EXERCISE =
Output only the lines below from the one containing "Bitcoin Sales Agreement Template" to the one containing "Can I Use a", exactly as written, both ends kept.

[Collected data entries]
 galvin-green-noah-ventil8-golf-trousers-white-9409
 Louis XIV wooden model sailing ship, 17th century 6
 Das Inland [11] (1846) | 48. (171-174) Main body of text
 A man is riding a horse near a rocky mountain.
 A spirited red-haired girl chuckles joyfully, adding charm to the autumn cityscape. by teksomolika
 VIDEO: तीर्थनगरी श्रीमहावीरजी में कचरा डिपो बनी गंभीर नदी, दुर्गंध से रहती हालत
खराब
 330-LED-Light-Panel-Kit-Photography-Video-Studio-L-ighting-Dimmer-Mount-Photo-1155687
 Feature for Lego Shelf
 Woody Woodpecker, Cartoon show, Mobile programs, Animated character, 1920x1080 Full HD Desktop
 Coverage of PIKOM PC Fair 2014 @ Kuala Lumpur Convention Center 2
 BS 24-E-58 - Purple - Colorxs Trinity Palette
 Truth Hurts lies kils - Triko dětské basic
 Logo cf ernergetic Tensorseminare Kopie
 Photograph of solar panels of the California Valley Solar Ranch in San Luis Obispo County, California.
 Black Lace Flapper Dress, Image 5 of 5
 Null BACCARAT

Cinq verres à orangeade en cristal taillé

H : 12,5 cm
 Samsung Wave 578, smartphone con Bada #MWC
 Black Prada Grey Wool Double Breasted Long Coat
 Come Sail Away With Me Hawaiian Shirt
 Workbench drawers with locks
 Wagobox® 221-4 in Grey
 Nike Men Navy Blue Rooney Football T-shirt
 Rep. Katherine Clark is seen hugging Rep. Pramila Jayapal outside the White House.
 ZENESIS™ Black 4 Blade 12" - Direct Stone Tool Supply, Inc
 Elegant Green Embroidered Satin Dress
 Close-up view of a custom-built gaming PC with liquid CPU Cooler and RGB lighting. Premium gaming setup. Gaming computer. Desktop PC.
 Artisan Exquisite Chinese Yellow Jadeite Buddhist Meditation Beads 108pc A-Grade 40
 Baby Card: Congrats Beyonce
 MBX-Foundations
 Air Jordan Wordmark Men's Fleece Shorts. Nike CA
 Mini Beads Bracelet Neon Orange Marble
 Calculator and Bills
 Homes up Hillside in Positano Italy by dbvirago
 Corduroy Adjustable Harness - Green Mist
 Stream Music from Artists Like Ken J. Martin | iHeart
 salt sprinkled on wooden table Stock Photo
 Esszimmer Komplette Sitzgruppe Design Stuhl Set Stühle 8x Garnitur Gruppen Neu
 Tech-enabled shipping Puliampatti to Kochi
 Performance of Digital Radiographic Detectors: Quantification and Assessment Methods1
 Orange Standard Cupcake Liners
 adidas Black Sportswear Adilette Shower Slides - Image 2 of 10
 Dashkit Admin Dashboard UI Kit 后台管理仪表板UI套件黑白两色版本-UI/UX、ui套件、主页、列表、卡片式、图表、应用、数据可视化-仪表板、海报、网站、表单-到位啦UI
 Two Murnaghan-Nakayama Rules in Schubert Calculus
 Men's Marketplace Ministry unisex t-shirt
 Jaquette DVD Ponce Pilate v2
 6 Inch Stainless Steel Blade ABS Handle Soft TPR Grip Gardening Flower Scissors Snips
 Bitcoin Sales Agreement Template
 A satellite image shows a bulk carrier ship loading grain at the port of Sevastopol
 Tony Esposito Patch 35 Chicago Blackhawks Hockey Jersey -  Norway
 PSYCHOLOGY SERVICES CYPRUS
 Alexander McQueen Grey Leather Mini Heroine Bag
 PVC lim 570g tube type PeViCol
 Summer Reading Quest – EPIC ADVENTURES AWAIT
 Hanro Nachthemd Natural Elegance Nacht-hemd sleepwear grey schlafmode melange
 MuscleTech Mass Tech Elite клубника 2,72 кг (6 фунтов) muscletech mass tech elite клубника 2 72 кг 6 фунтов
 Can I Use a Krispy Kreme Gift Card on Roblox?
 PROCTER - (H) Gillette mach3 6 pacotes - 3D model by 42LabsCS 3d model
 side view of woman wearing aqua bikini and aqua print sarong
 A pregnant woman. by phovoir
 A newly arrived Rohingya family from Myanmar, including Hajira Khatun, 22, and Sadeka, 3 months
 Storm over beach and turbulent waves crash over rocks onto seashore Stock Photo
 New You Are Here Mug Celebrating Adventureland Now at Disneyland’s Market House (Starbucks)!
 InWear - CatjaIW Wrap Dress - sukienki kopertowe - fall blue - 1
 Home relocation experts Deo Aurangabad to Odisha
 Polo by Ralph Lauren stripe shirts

YOUR SOLUTION =
 Bitcoin Sales Agreement Template
 A satellite image shows a bulk carrier ship loading grain at the port of Sevastopol
 Tony Esposito Patch 35 Chicago Blackhawks Hockey Jersey -  Norway
 PSYCHOLOGY SERVICES CYPRUS
 Alexander McQueen Grey Leather Mini Heroine Bag
 PVC lim 570g tube type PeViCol
 Summer Reading Quest – EPIC ADVENTURES AWAIT
 Hanro Nachthemd Natural Elegance Nacht-hemd sleepwear grey schlafmode melange
 MuscleTech Mass Tech Elite клубника 2,72 кг (6 фунтов) muscletech mass tech elite клубника 2 72 кг 6 фунтов
 Can I Use a Krispy Kreme Gift Card on Roblox?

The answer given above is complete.